Another approach is the implementation of an off-chain data storage architecture. Under this approach, personal data are stored off-chain in a centralized or distributed manner and hash references to that data are processed on a blockchain.
When a data subject requests the erasure of certain data, then a data processor can delete a link between a blockchain hash reference, a pointer, and the off-chain data. However, such a deletion provides a “logical,” rather than purely technical, erasure. Depending on the risk of re-creation of the deleted link, such an approach may be compatible with the concept of erasure.
A GDPR-compatible blockchain use case
At Asters, we are testing blockchain with an off-chain data storage architecture. This private permissioned blockchain is based on the Emercoin platform.
Data subjects input the personal data through web interface secured with HTTPS. The back-end system encrypts the data, computes hash IDs, puts encrypted data with hash IDs onto storage, and inserts hash IDs into the Emercoin name-value storage. Each transaction also has a unique transaction hash ID. So, the data hash IDs are stored on the blockchain. The encrypted data is stored off-chain. Access to data is given through a special key for decryption. The blockchain can keep records of data transactions for audit purposes because each manipulation has its own hash ID.
The data can be changed and appropriate hash IDs can be updated due to the unique functions of the Emercoin name-value storage. Deletion can be done as soon as a retention period expires. Deletion is also possible when requested by the data subject.

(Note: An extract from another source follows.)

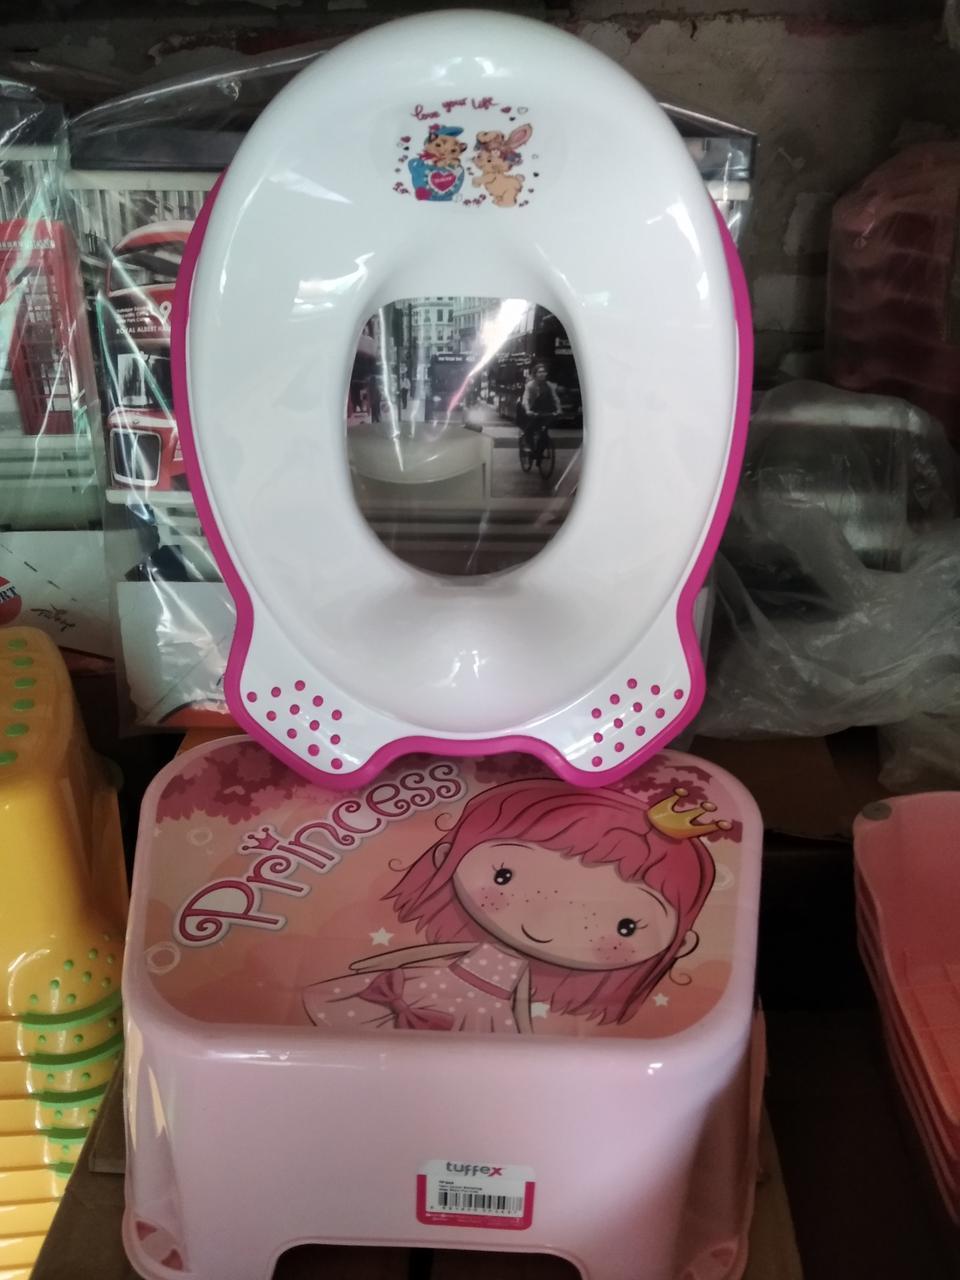 Комплект підставка накладка дитячі для унітазу увывальника, набір сходинка і вставка, Туреччина, рожевий білий

The above architecture and protocol ensure compatibility of this blockchain-based solution with GDPR. The controller can be easily identified; the data subject’s consent can be obtained in a specific and unambiguous manner; the right to know what data is processed, for what purpose, and who the data was shared with can be enforced; writing and reading rights can be granted in a compatible way; data are processed in a secured manner; and the data subject can control personal data, including requesting its erasure.
In general, GDPR is a technology-agnostic regulation. It is not hard to see that most provisions of GDPR have been written with a centrally governed database in mind. Accordingly, purely distributed databases based on peer-to-peer networks, so-called public permissionless blockchains, may conflict with GDPR.
Surely, there may be use cases where the design of a particular blockchain system can smooth out the frictions between certain properties inherent in the blockchain and GDPR. Moreover, blockchain is not a static concept that, once developed, remains unchanged. It is subject to constant developments undergoing not only technical improvements but also conceptual advancements.
Thus, each use of blockchain should be carefully analyzed on its merits to come to a conclusion about its compatibility with the requirements of GDPR. However, to be on the safe side, private permissioned blockchains are the best-suited model to process personal data.